If anything, Home is Where the Hatred Is is somehow more despondent and nihilistic than its predecessor.  These are four songs that make you feel the need to shower after listening, and then maybe consider just drowning yourself in the bathtub.  Vocalist/guitarist Ethan Lee McCarthy continues to have one of angriest howls in metal to go along with his solid guitar playing, but musically Primitive Man shines with the rhythm section.  Bassist Jonathan Campos and drummer Isidro Soto keep Home is Where the Hatred Is from dragging, switching tempos and adding layers upon layers of fuzzed-out, distorted bass riffs seemingly at random.  A lot of sludge bands find a groove and run with it; Primitive Man seems to lay down a groove just to pull it out from underneath the listener.

Home is Where the Hatred Is has four songs over its thirty-odd minute run time.  It's fairly long for an EP, but it's definitely better than adding a few filler tracks.  "Loathe" kicks things off with Soto's pounding drums breaking through a wall of feedback, and continues for ten more minutes of McCarthy's howls and furious riffage as the feedback continues to wail like an air raid siren.  "Downfall" comes in hard and heavy, closer at the onset to hardcore than doom before downshifting into sludge like a car caught in the mud; the sheer aural density of the music on "Downfall" is absolutely suffocating, and McCarthy's voice gasps through it with the intensity of a man bellowing his last words from the hangman's noose.  "Bagman" is probably the most straightforward track on the album, in that it finds Primitive Man wielding their instruments like wrecking balls, dead set on leveling every fucking thing they can find in their paths.  After all that, it might seem like the band has made its point, and that you "get it," but it's as "Bagman" fades out that Home is Where the Hatred Is really goes for uncomfortable.

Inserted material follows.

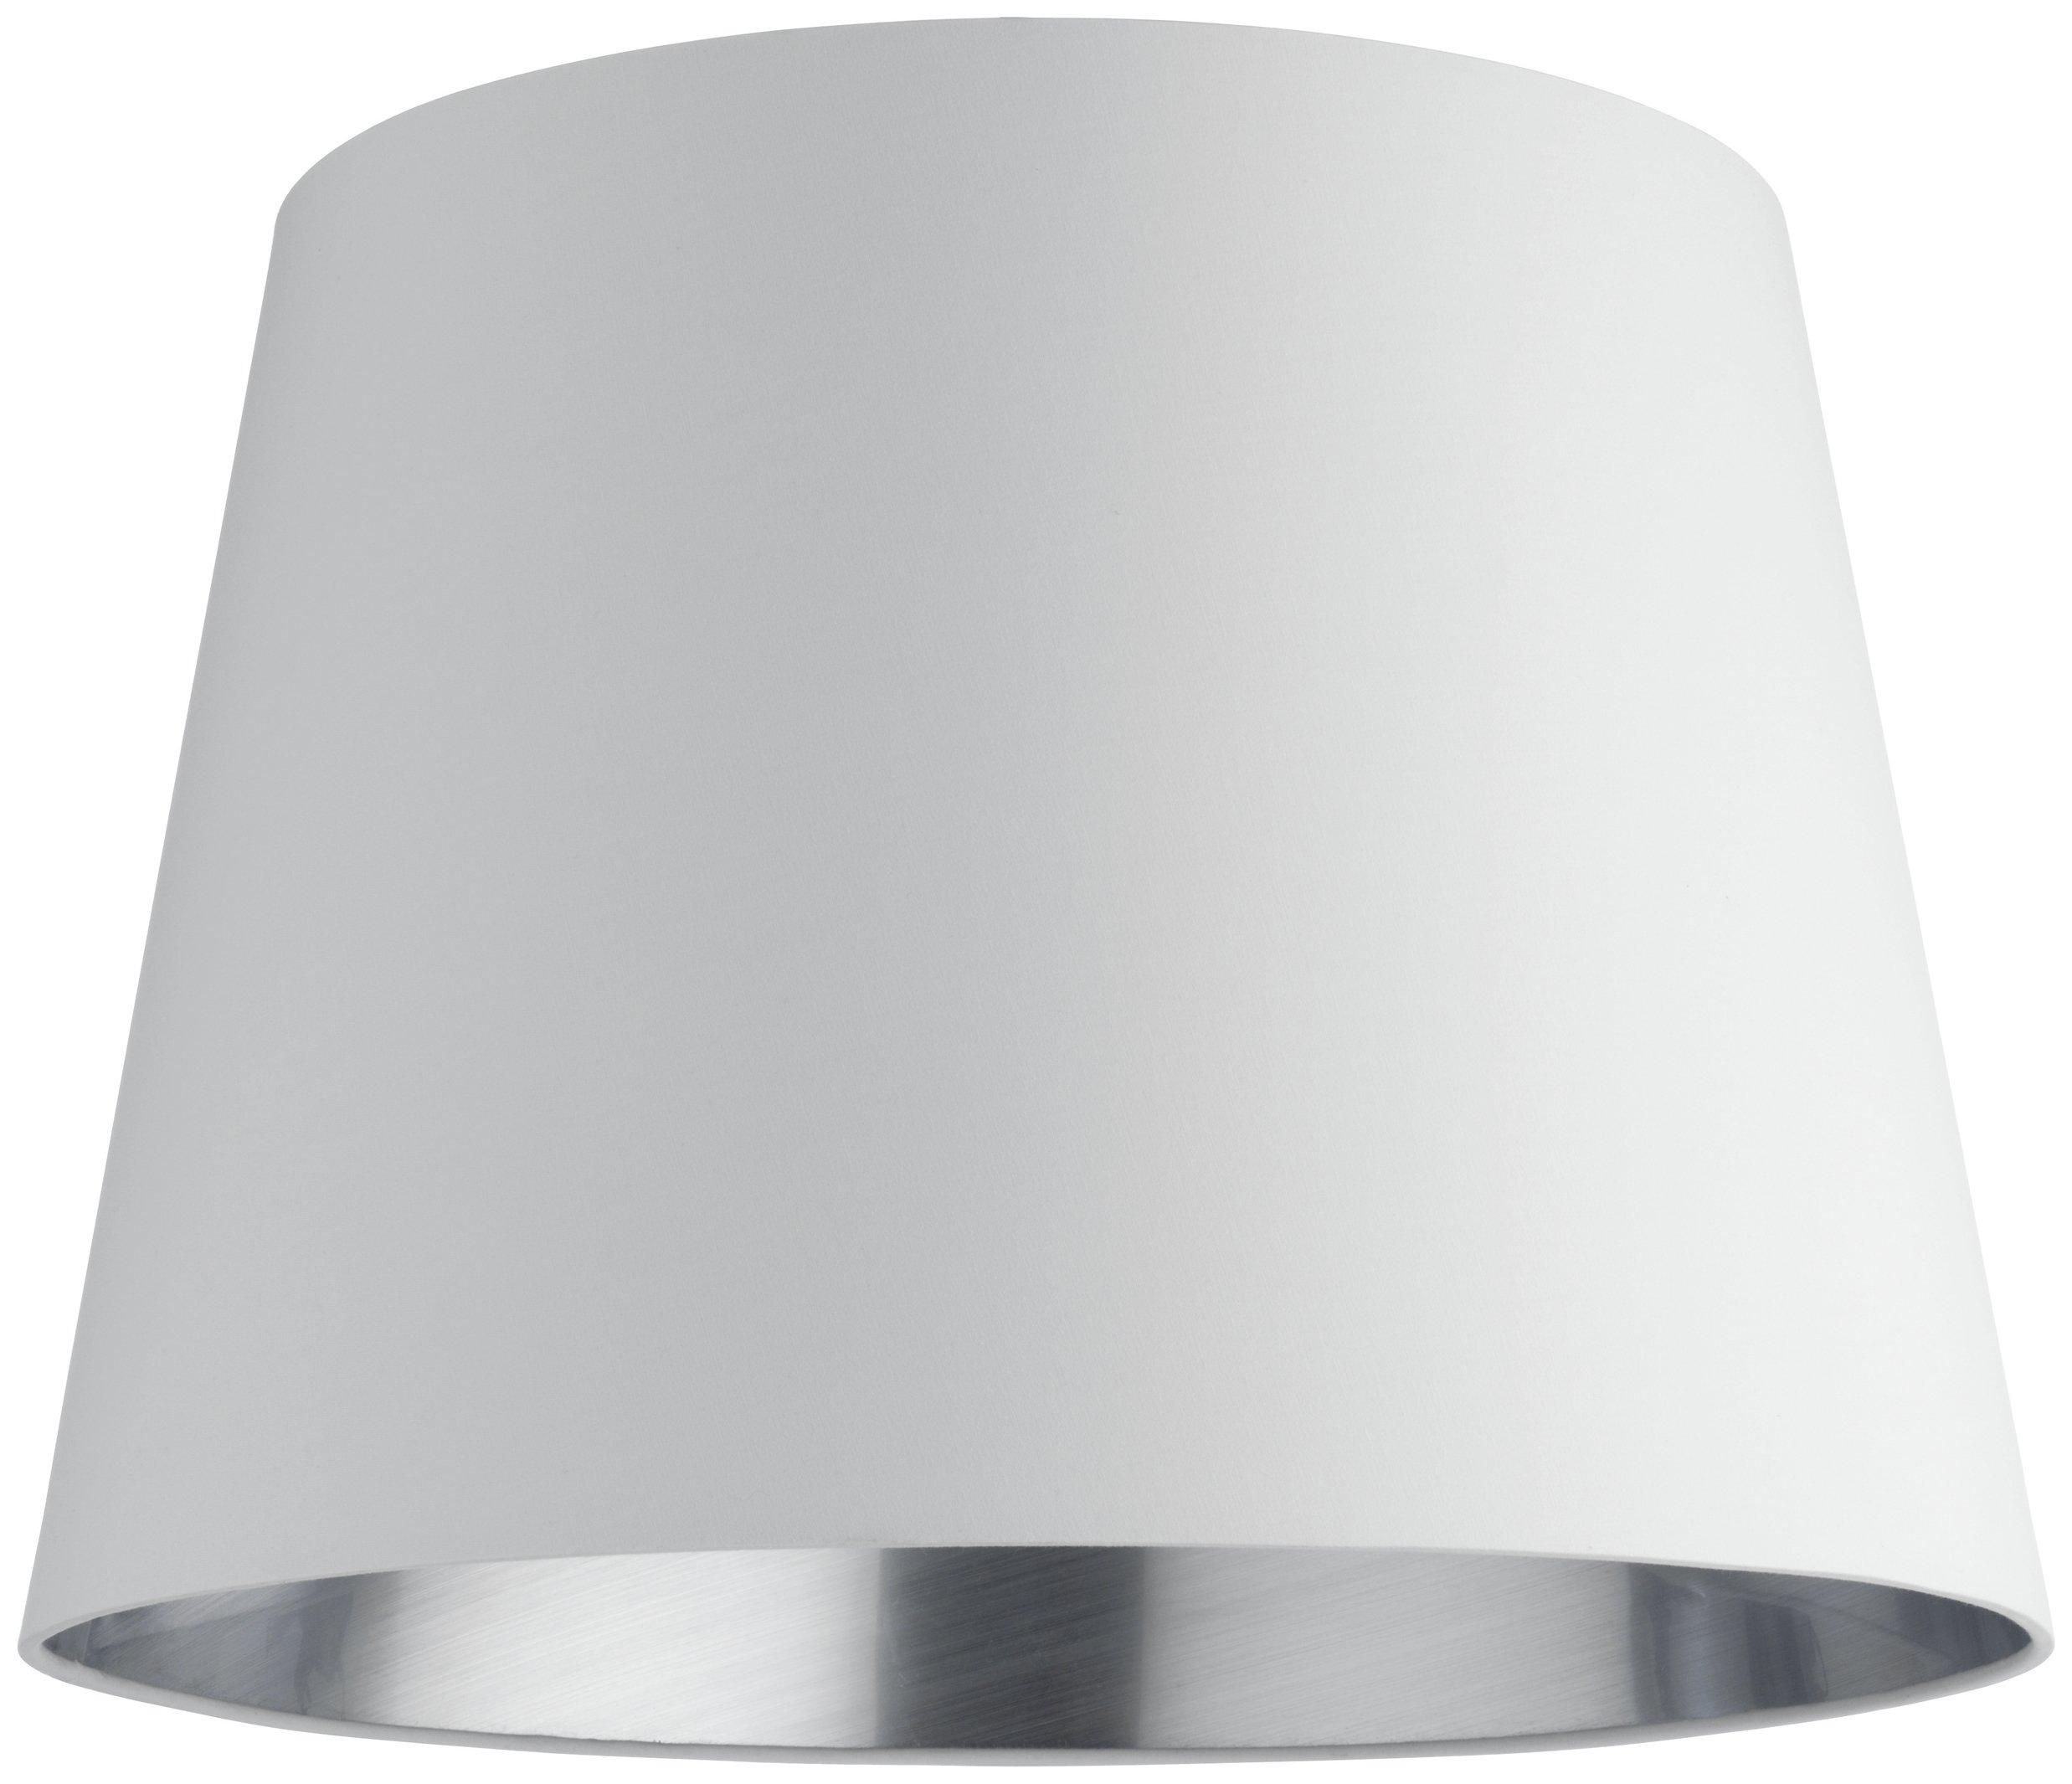 Habitat Grande Large Tapered Fabric Lampshade - Platinum

Album closer "A Marriage With Nothingness" is the epitome of unsettling; after over twenty-five minutes of violent, hateful music, the last four minutes of the album feature a woman moaning sexually under a massive layer of feedback.  It's hard to call it a song per se, and even harder to listen to it without commenting on what you're hearing or detaching the sexuality of the moans from the violence of the music.  To be honest it begins to feel discomforting for discomfort's sake (which I honestly don't know that I'd put past the band).  I'm hoping that "A Marriage With Nothingness" will open up a little bit for me once I get some time with lyrics to the preceding three tracks, but right now it's a pretty skippable track for me.

Home is Where the Hatred Is will definitely not be for everyone.  It's uncompromising in its ugliness, relentlessly spewing spite and bitterness from every second of every song.  "A Marriage With Nothingness" is one of the most uncomfortable songs I've ever encountered, to the point where I genuinely don't know if I ever want to listen to it again.  And while listening to Home is Where the Hatred Is is anything but a happy experience, I'm overjoyed that this album exists.  This is music that has little to no commercial appeal, music that most people would probably turn off halfway through the first track.  In short, it's music made by a band that believes in it.  Primitive Man exposes and conveys the ugliness and scum of humanity better than any band out there, and are easily one of the top extreme metal bands around.  I love that Home is Where the Hatred Is exists, and I think it's one of the most distinct, incredible albums I've heard in a long, long time... even if I might not listen to it again for a long, long time.